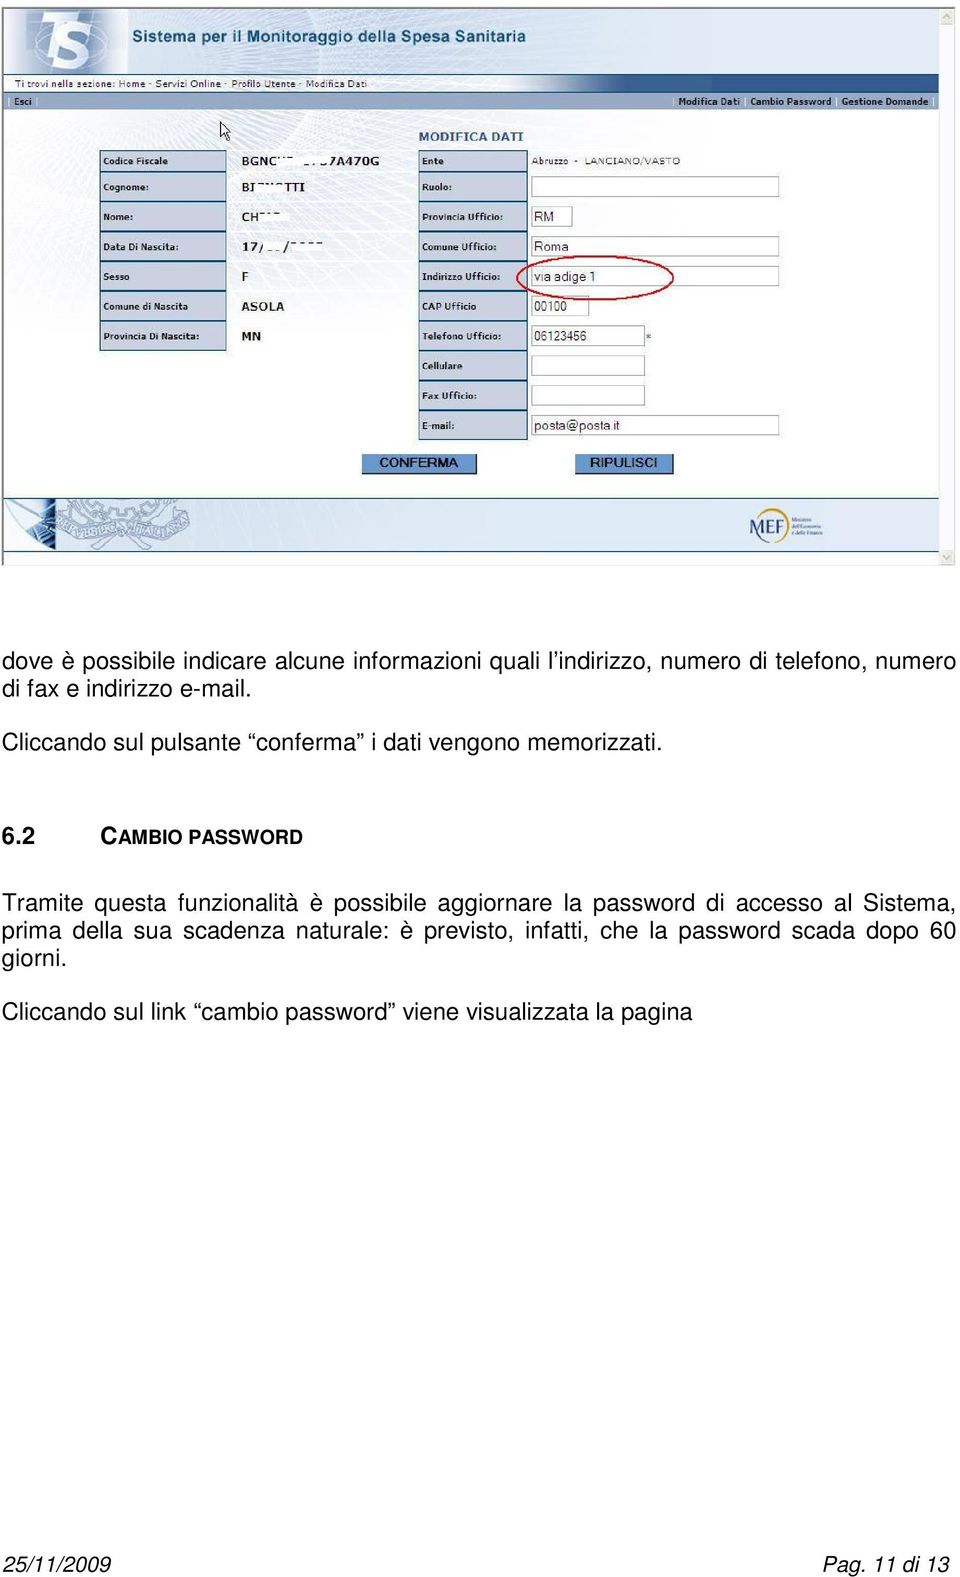 2 CAMBIO PASSWORD Tramite questa funzionalità è possibile aggiornare la password di accesso al Sistema, prima della
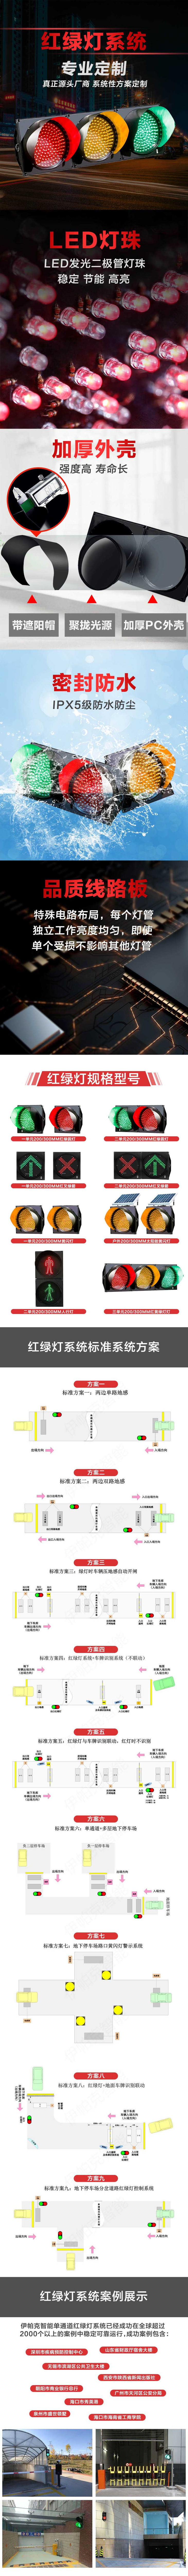 停车场红绿灯智能引导系统
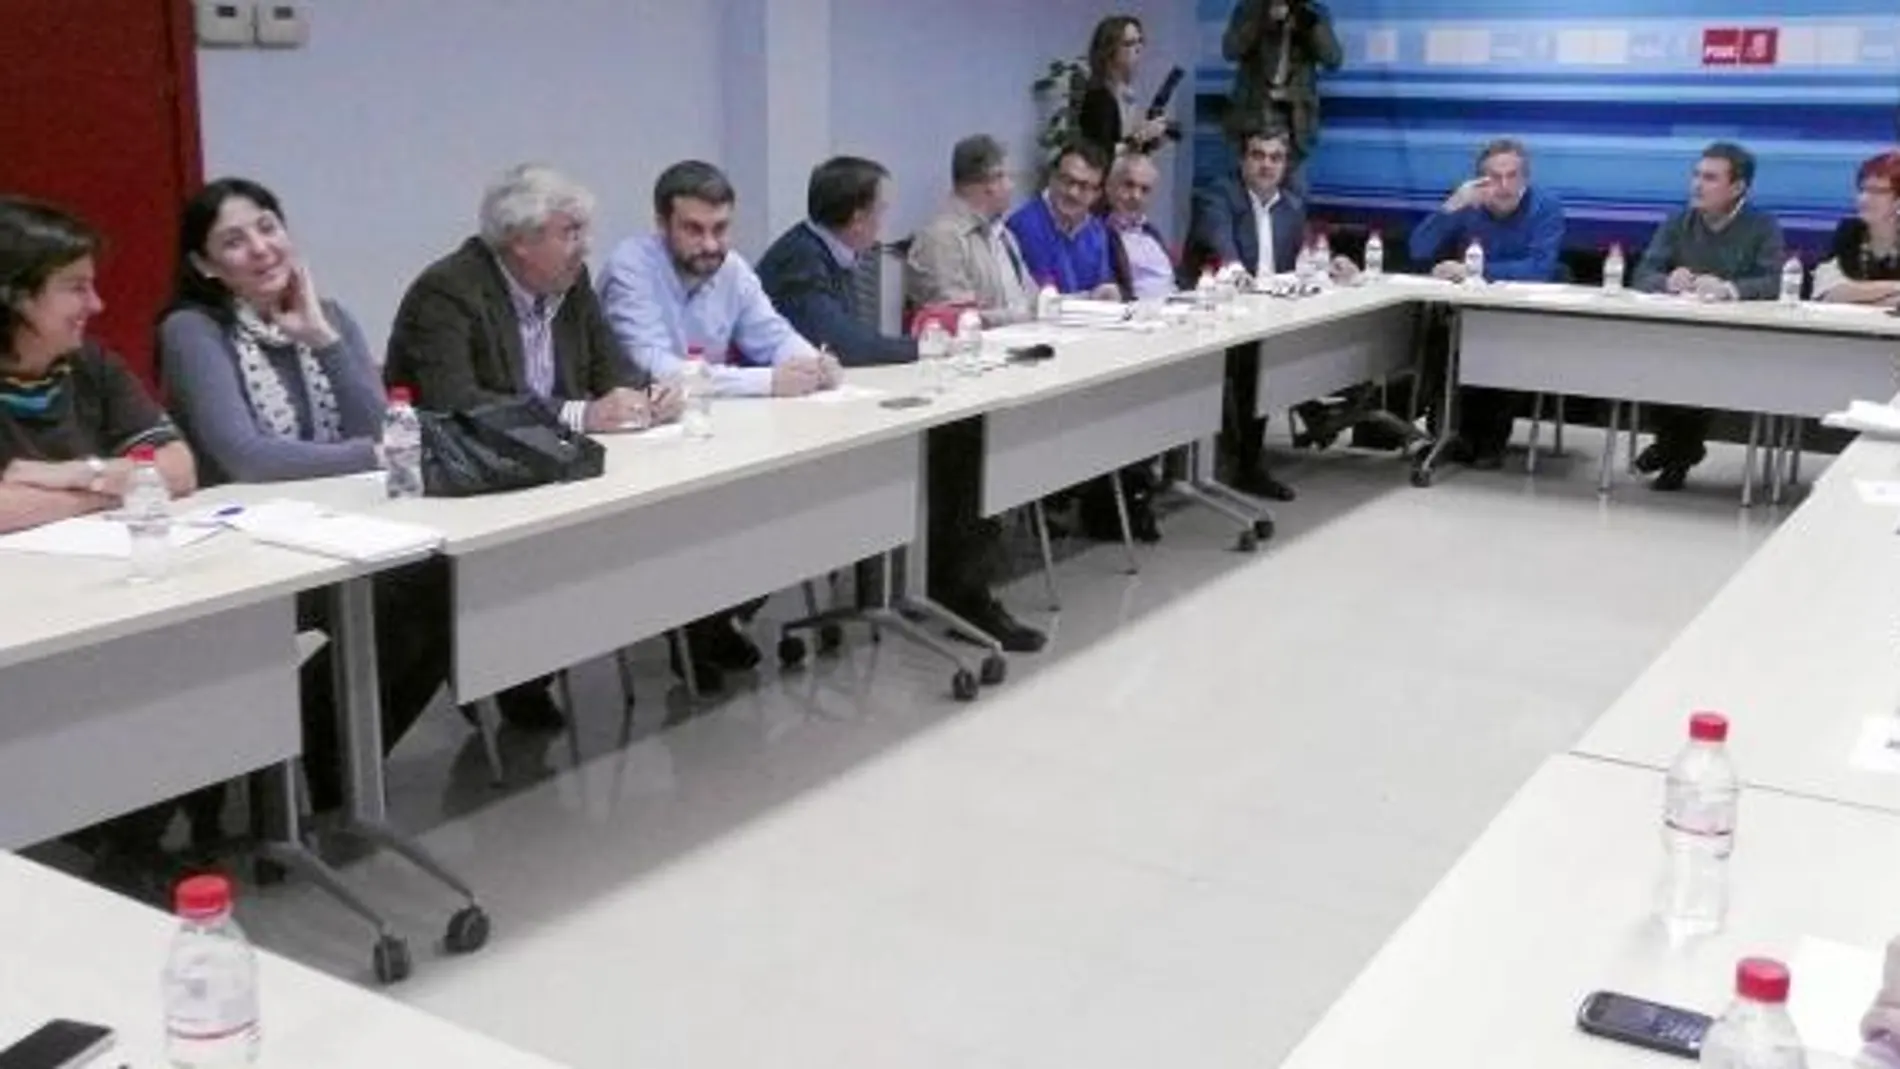 Francisco Oñate, Pedro Saura y Begoña García Retegui presidieron ayer la reunión de la Ejecutiva Regional del Partido Socialista de la Región de Murcia en la que se analizaron los resultados
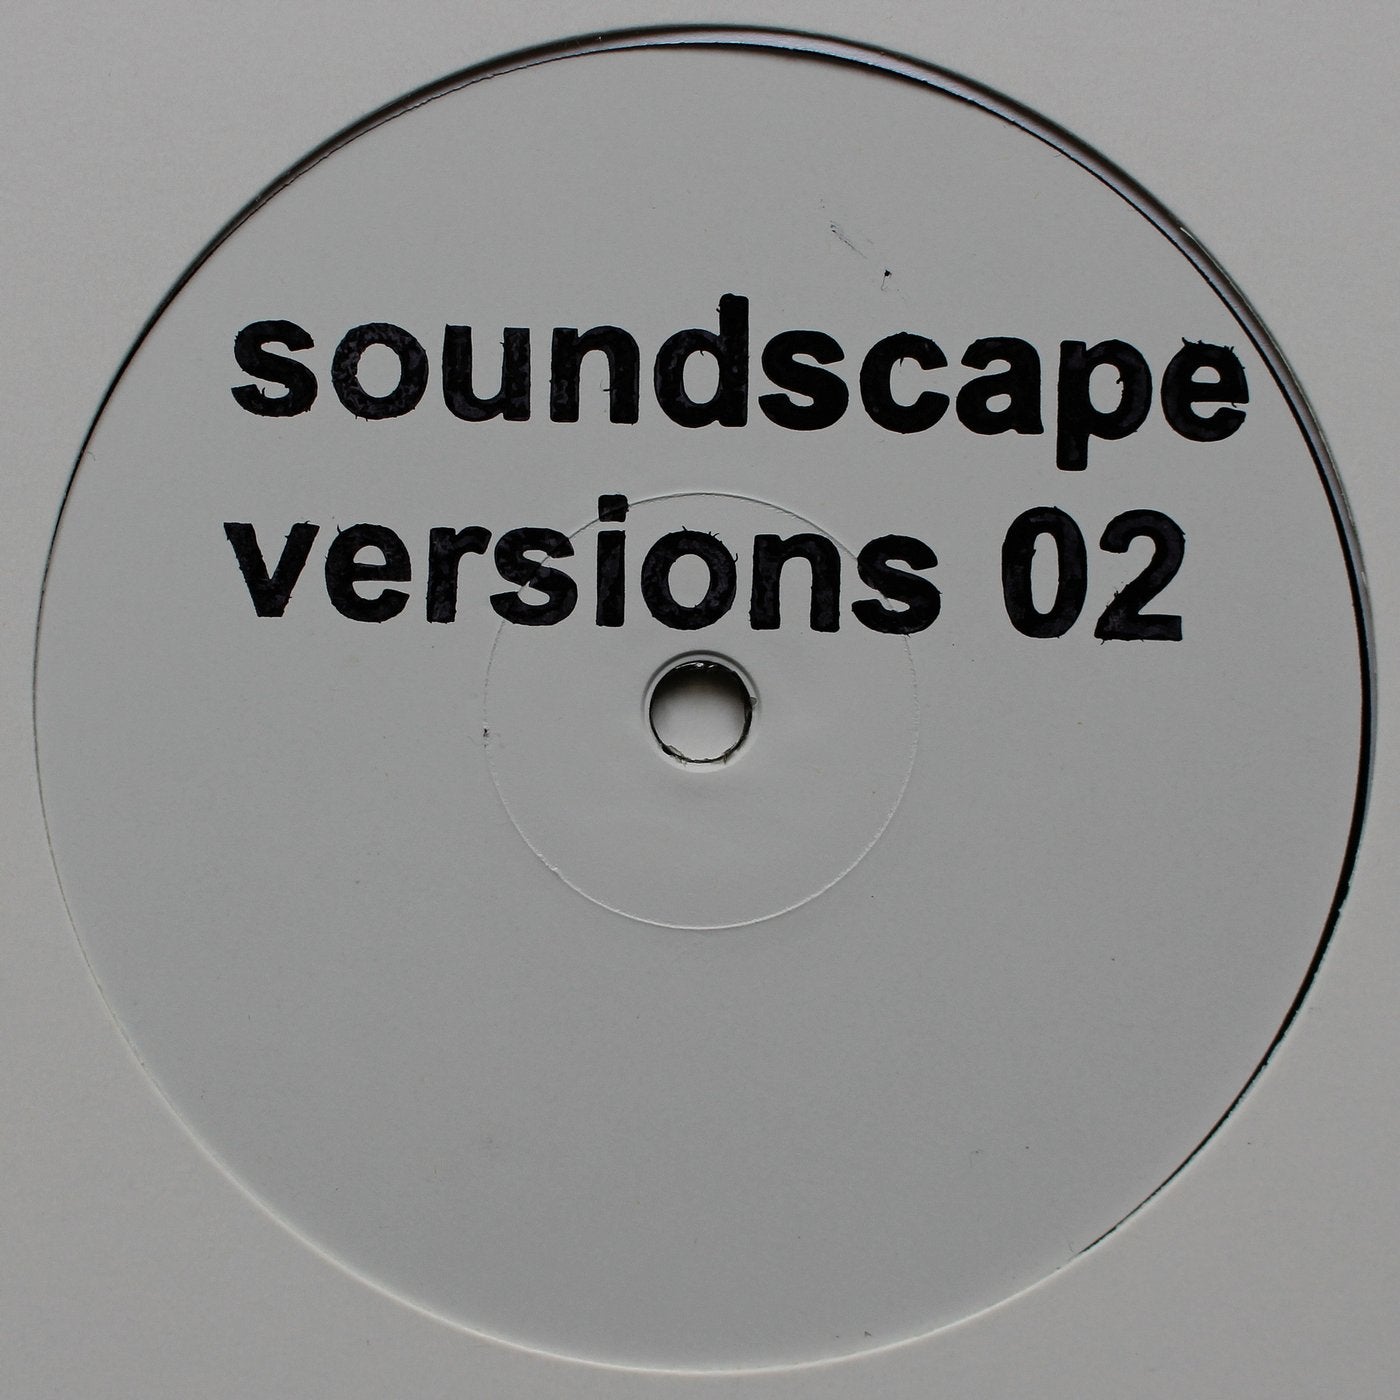 Soundscape Versions 02

--- WORK TO BE COMPLETED ---
None of the pictures belong in the copy; repeat all other material exactly.

--- WRITTEN SOLUTION ---
 2 CAMBIO PASSWORD Tramite questa funzionalità è possibile aggiornare la password di accesso al Sistema, prima della
 停车场红绿灯智能引导系统
 Francisco Oñate, Pedro Saura y Begoña García Retegui presidieron ayer la reunión de la Ejecutiva Regional del Partido Socialista de la Región de Murcia en la que se analizaron los resultados
 Soundscape Versions 02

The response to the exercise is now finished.